A Republic of Front Porches

front porch, republic, conservativism

ALEXANDRIA, VA. Names are important, and few can be more significant than what a new publication calls itself. Perhaps at first greeting the name will give pause, causing the new reader to think momentarily about what it means, how it came about, what its creators intended. After a time its explicit meaning will fade into the backdrop, becoming a label that is rarely reflected upon, barely registered, but still confers meaning – increasingly implicit – for the undertaking, and for those who originally named it, or who write under its banner. A name such as this one – Front Porch Republic – deserves some reflection before it fades into that subconscious space.

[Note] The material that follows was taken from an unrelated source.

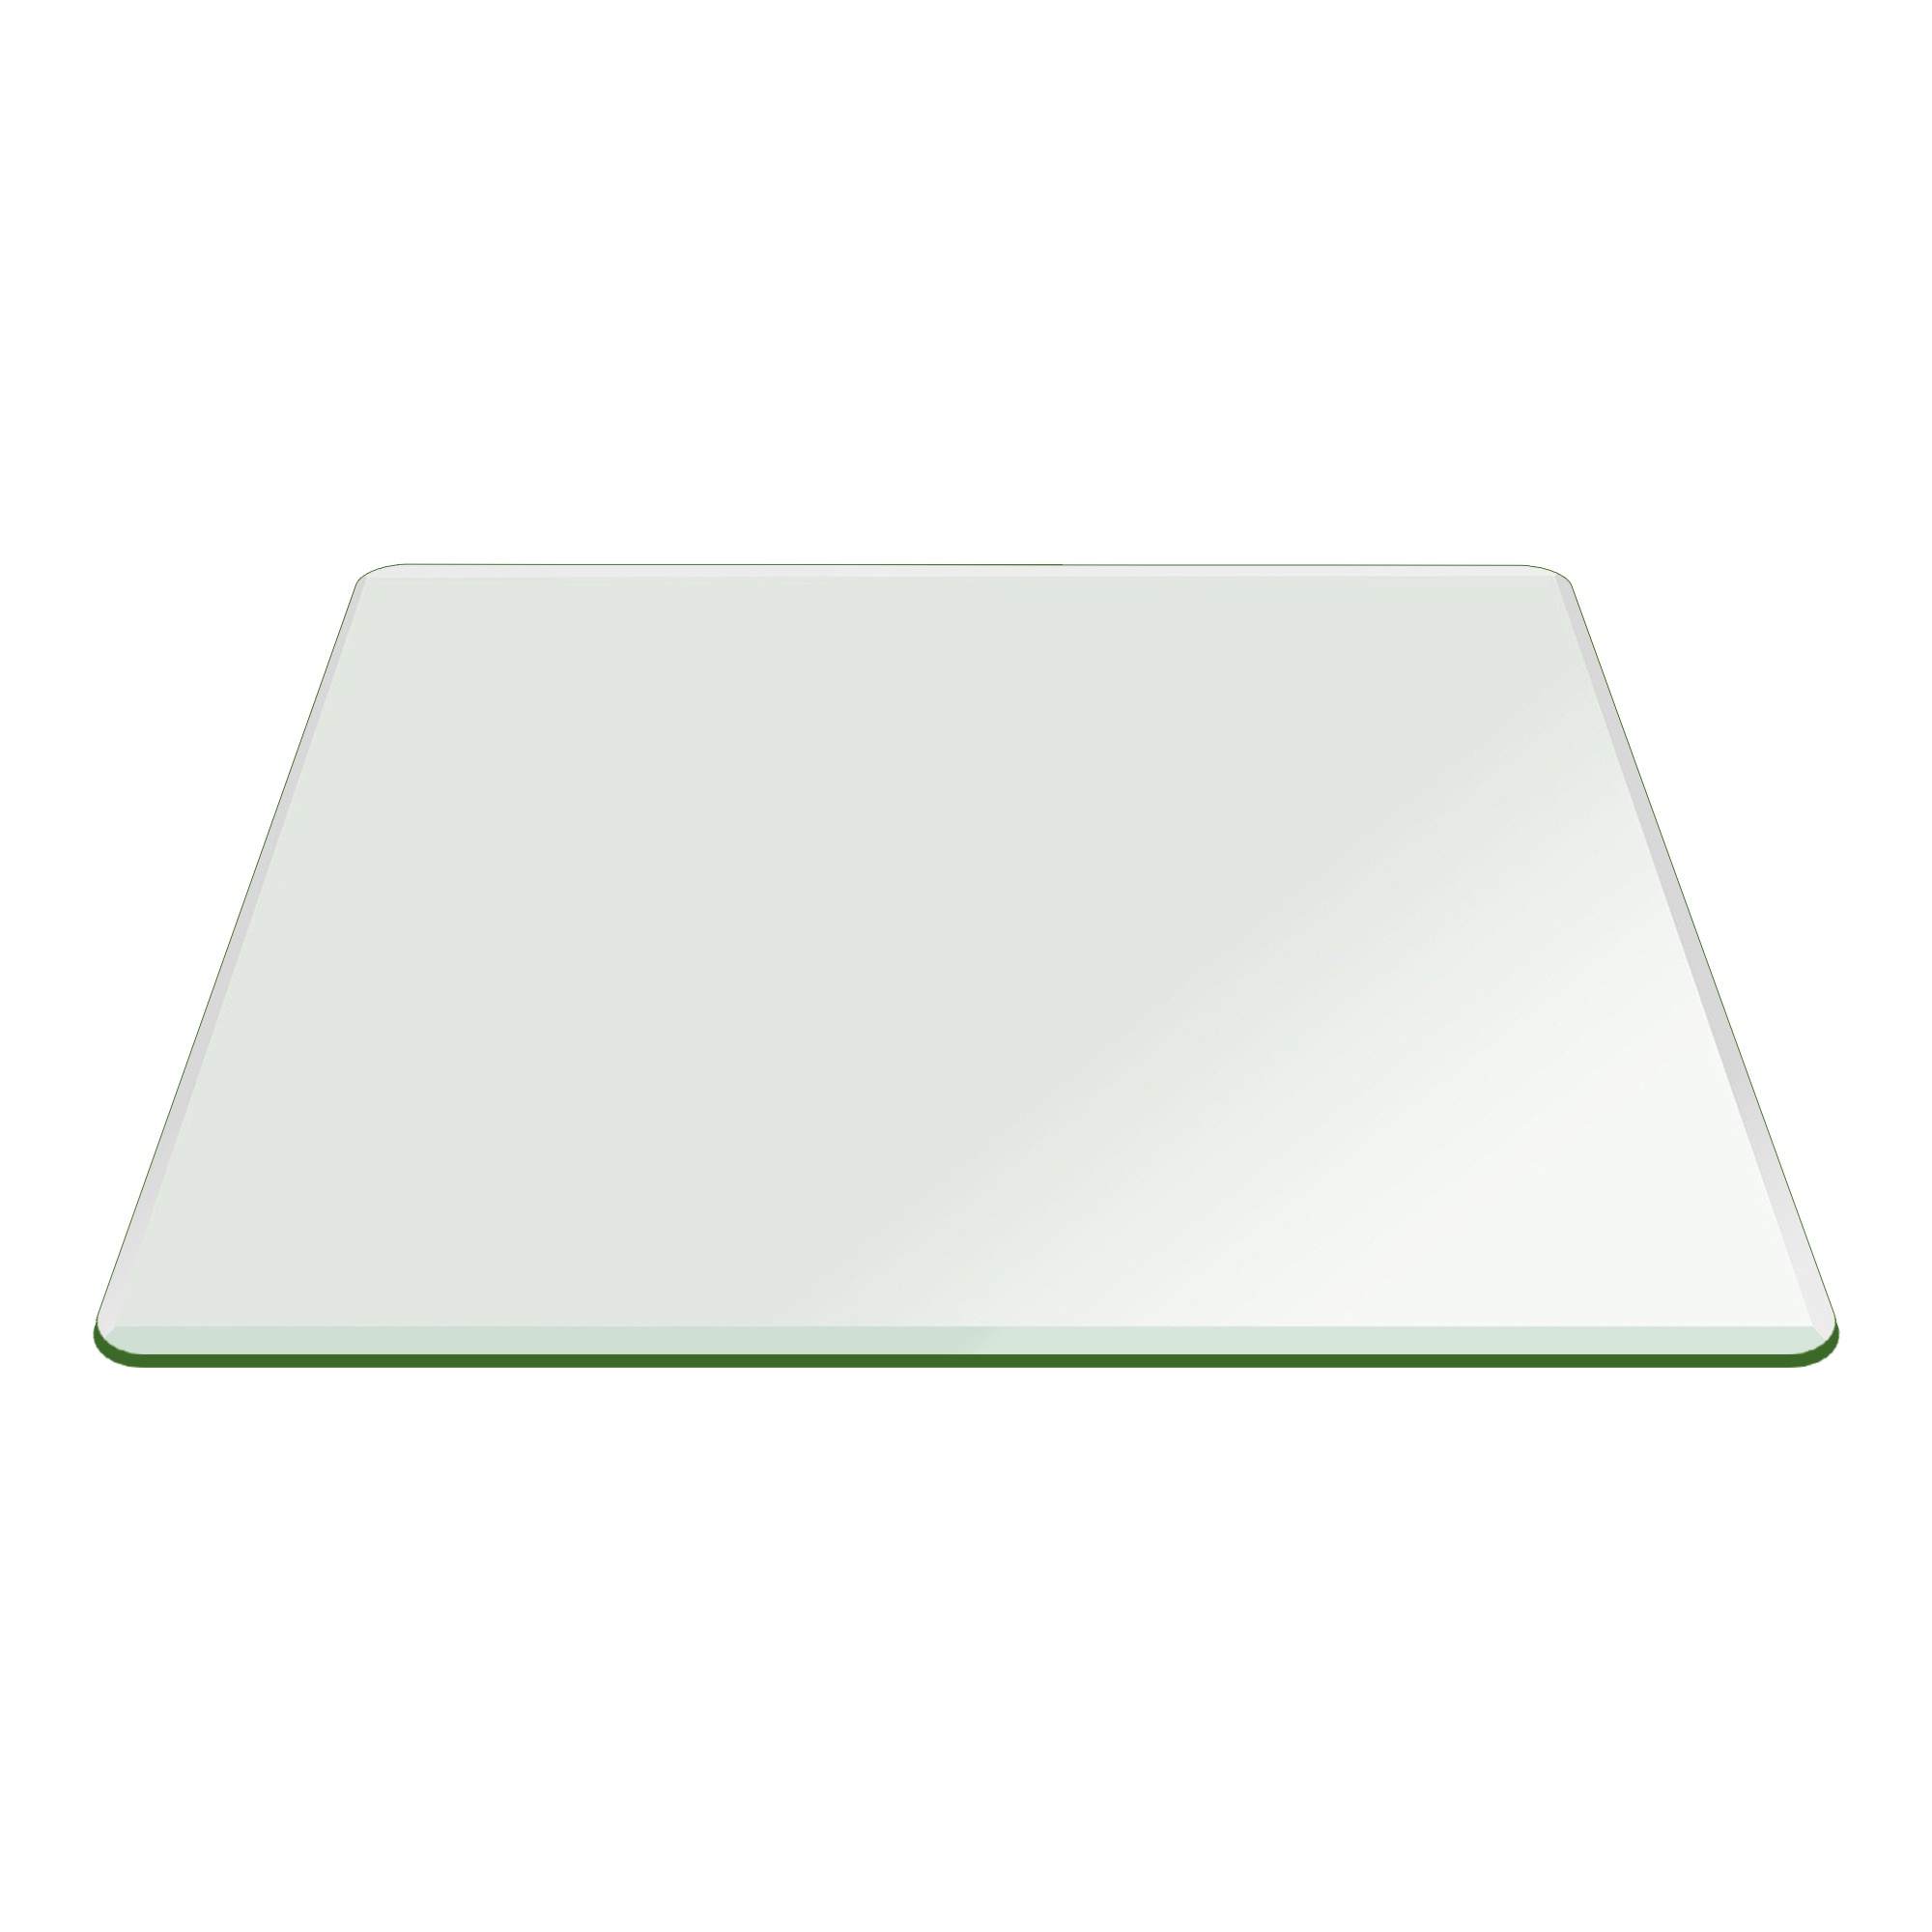 18 Inch Square Glass Bevel Polish, 18 Round Glass Table Top Replacement

I can think of no better text by which to explore the meaning of our publication’s name than an old essay – one few have encountered and even fewer still would remember – that I read during my freshman year of college in a course taught by the man who became my mentor and dearest companion still, though he has passed from this vale – Wilson Carey McWilliams. I’ve never forgotten the essay – it impacted me then, and remains with me still. It was written by a man named Richard Thomas, and was entitled “From Porch to Patio.” (Published in The Palimpsest, journal of the Iowa State Historical Society, in 1975). It had such an effect on me not only because of what it taught me, but because so much of my childhood and young adulthood had involved being in various ways on our big front porch where I grew up in Windsor, CT. It was more than merely theory – it taught me about who I was, and why that was so.

In this simple but profound essay, Thomas explores the social implications of the architectural practice of building porches on the front of homes and its eventual abandonment in favor of patios behind the house (I’ve discussed this transition in relation to the film “It’s a Wonderful Life” in comparing Bedford Falls to Bailey Park). As with any central feature in our built environment, this is more than merely a passing fashion trend or a meaningless design change: the transition from porch to patio was one of the clearest and significant manifestations the physical change from a society concerned with the relationship of private and public things – in the Latin, res publica – to one of increasing privacy. The porch, as a physical bridge between the private realm of the house and the public domain of the street and sidewalk, was the literal intermediate space between two worlds that have been increasingly separated in our time, and hence increasingly ungoverned in both forms.

Thomas expresses clearly some of the social dimensions of the porch, and contrasts them with the patio. The porch, he wrote, “presented opportunities for social intercourse at several levels.”